He said the overall city budget should be reconfigured to provide more affordable housing and an assurance of cleaner air and water. He believes lower property taxes would help halt the exodus of Chicago residents to the suburbs and beyond.

 “Chicago has been and should be a great city, one of the world’s greatest,” he said. “When I’m elected—not if, but when—it will be once again.”  


“Tell the stories of people in my city”

Glenn Marshall, street reporter for the WGN Morning News, addressed an all-school assembly at Leo on Thursday, Feb. 23.

Marshall, a native of Matteson, IL., graduated from Rich South High School and Northern Illinois University. He said he jumped at the chance to return to Chicago after previous career stops in Springfield, Boston and Atlanta.

“To be able to tell the stories of my people in my city … I couldn’t pass that up,” he told the students. “There are plenty of Black women, but you don’t see too many Black males on TV in this market. That’s one reason why I feel an obligation to do it well and get it right. I want to be an inspiration to young brothers like you.”

Marshall acknowledged encountering racism at certain junctures of his career, particularly in Boston. “There was a news director who made it pretty clear he didn’t like the way I looked or the way I sounded—now why would that be?” he recalled. “Fortunately, he got fired before I left. 

“But there was a lesson in it. You have to put in the work and be so good at your job that they can’t question your qualifications.”

The Morning News airs from 4 to 10 a.m. and is WGN’s highest-rated program. Marshall feels fortunate to be part of it. The biggest drawback to the job, he said, is “the crazy hours—I’m usually in bed by 6:30 p.m. so I can be up by 2 a.m. for a conference call on what stories we should cover.”

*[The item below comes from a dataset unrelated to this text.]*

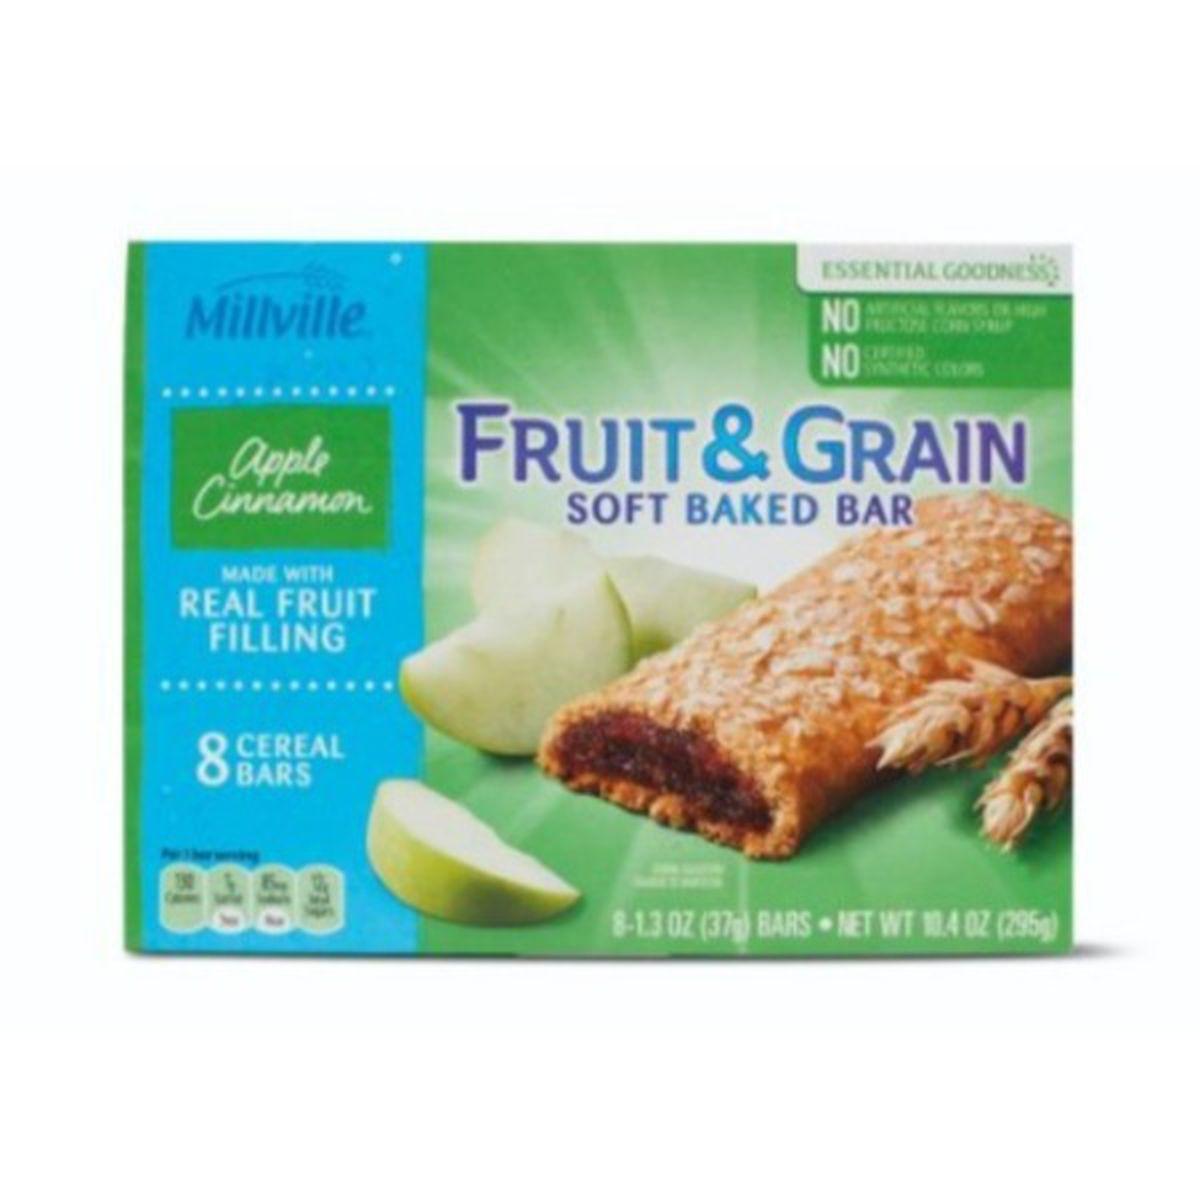 Fruit and Grain Cereal Bars - Apple Cinnamon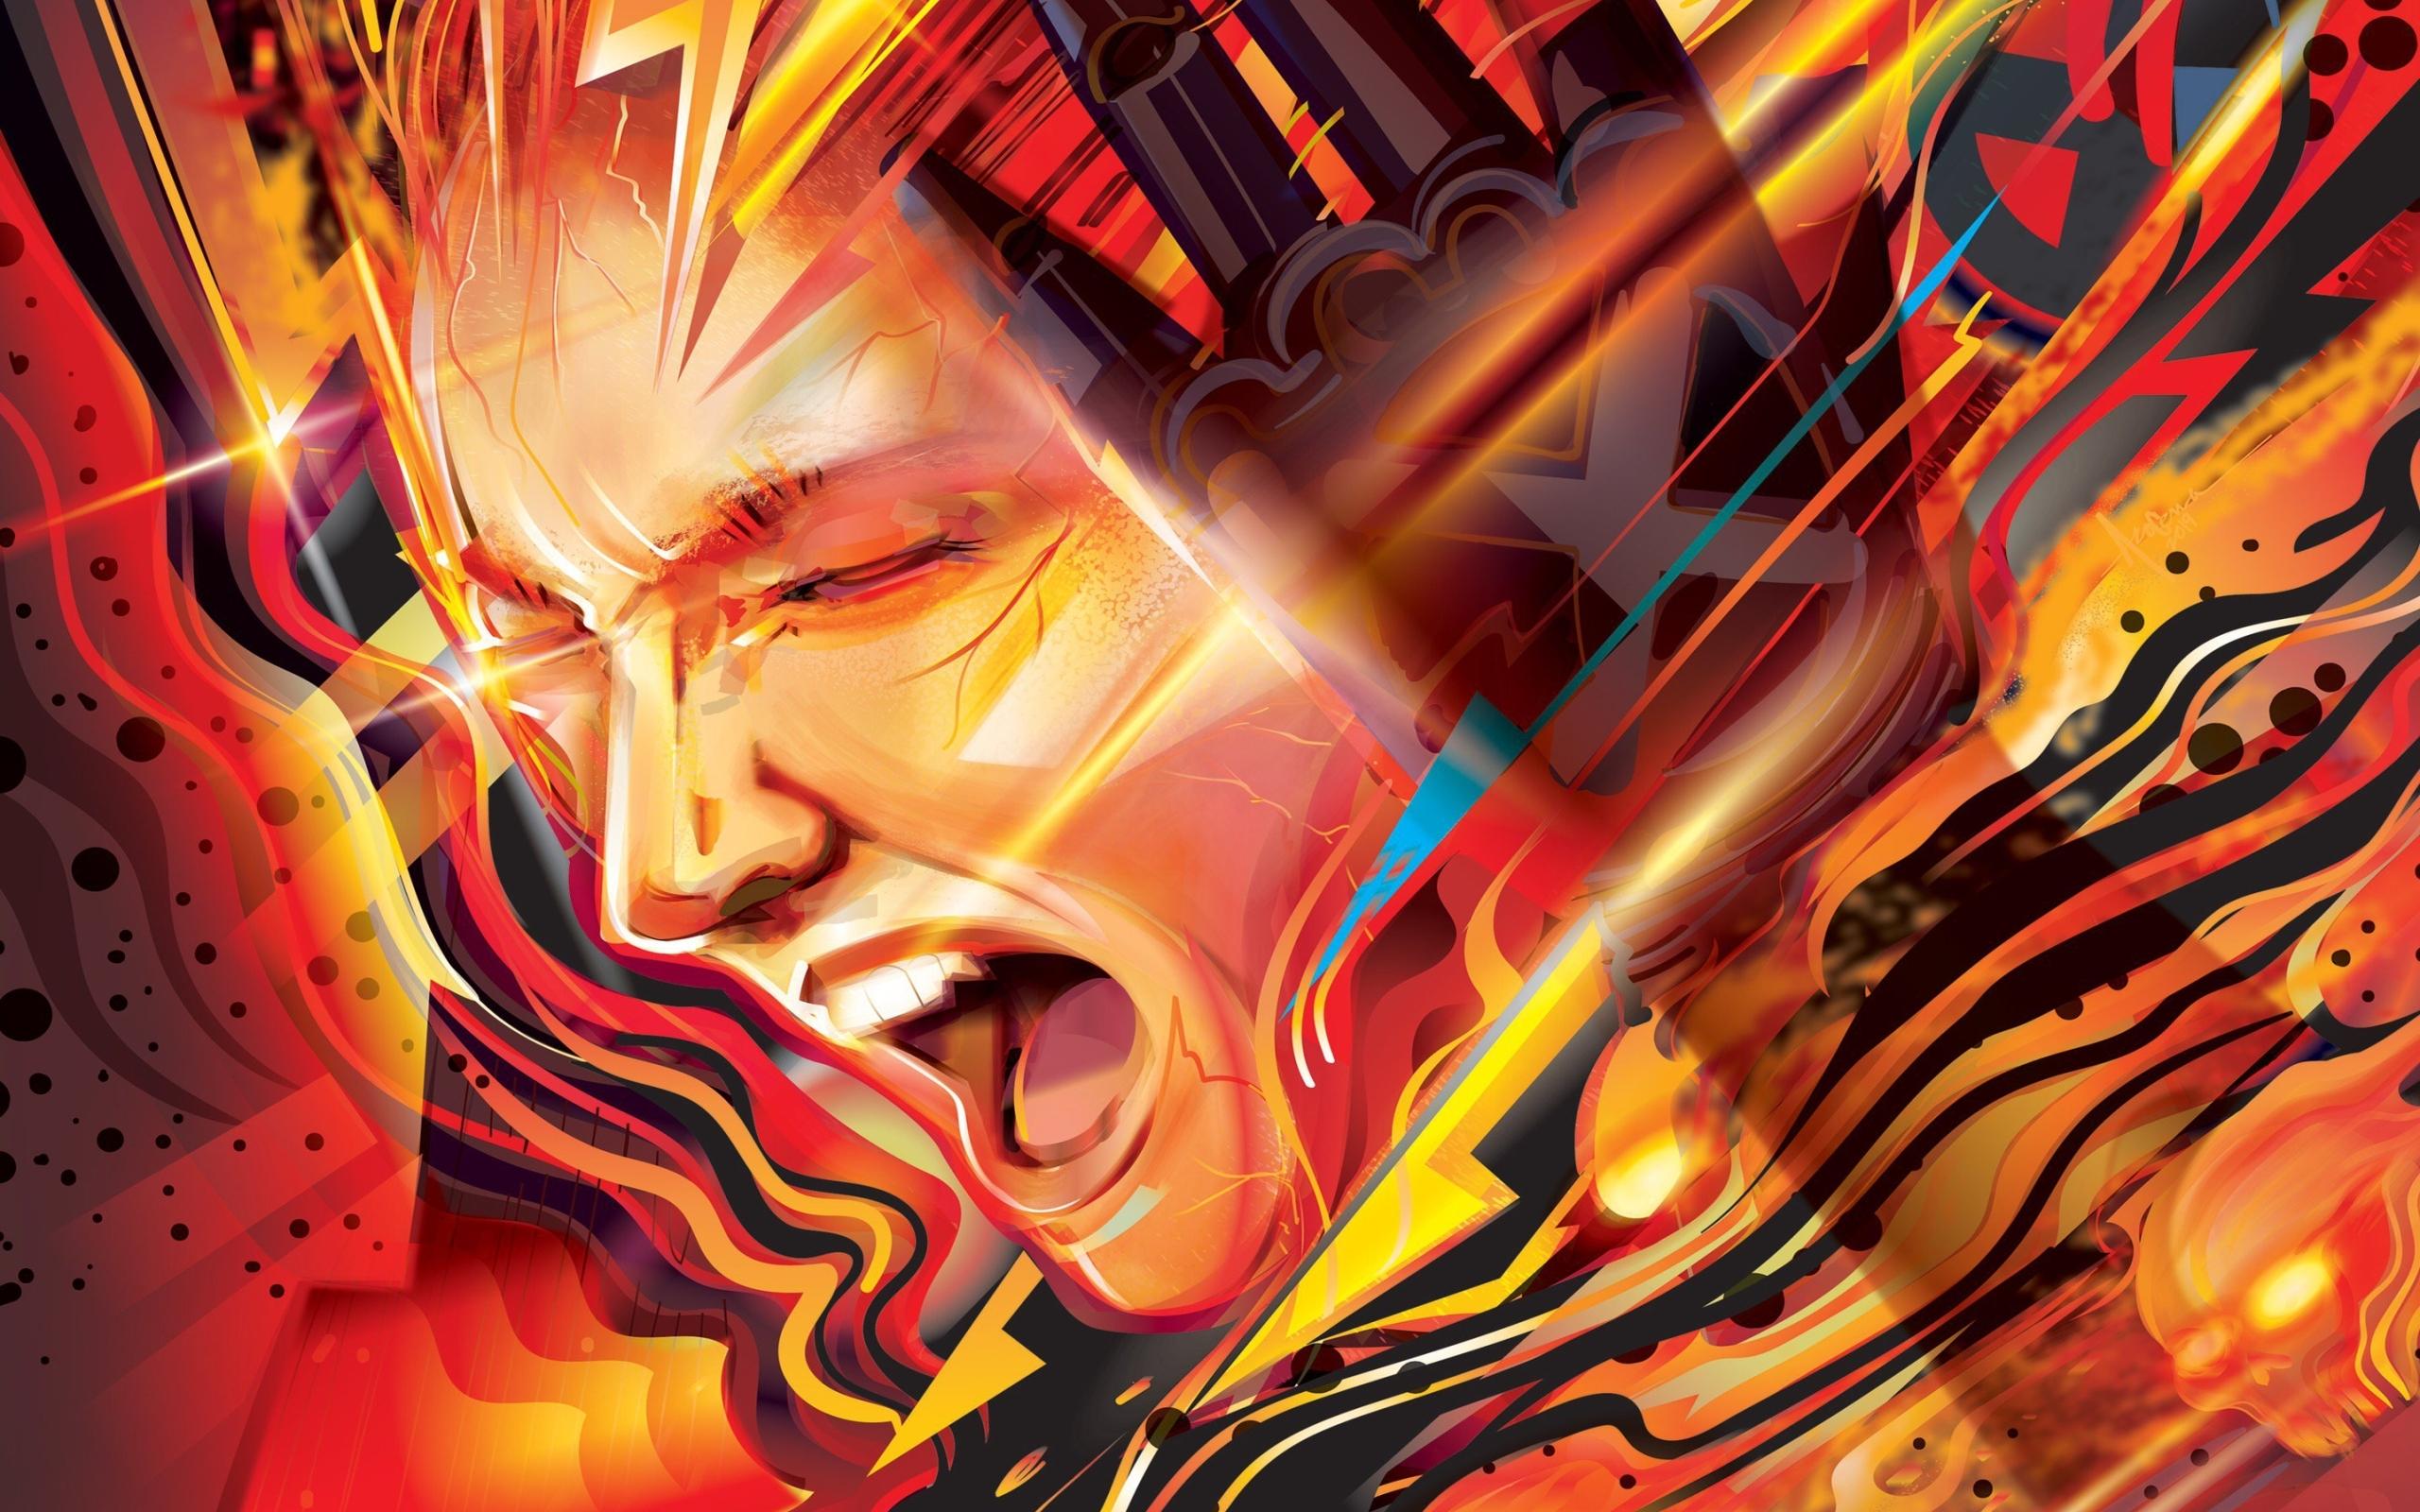 2560x1600 Dark Phoenix 2019 X Men Textless Poster 2560x1600

Too often, he said, they involve guns and violence on the city’s streets, which wears on him. Marshall said he was particularly mortified by the murder of a 10-year-old and a 13-year-old, allegedly by their accomplices in a gun-shop robbery, who sought to silence the youngsters before they could tell what they knew. 

“First off, that kids that young could be caught up in gang-banging is a tragedy unto itself,” he said. “But to have those two young lives taken before they had a chance to experience any kind of life … It breaks your heart.”

Our Lions Season Ends

The worst thing that could have happened to Leo basketball was to have senior standout Keeland Jordan miss an IHSA Class 2-A regional semifinal against CICS Longwood at South Shore High School on Wednesday, Feb. 22.

Didn’t happen.

The next worst was to have Jordan shaken up in a car accident the day before the game. That did happen, and it affected him, though you might not have noticed if you weren’t watching closely. 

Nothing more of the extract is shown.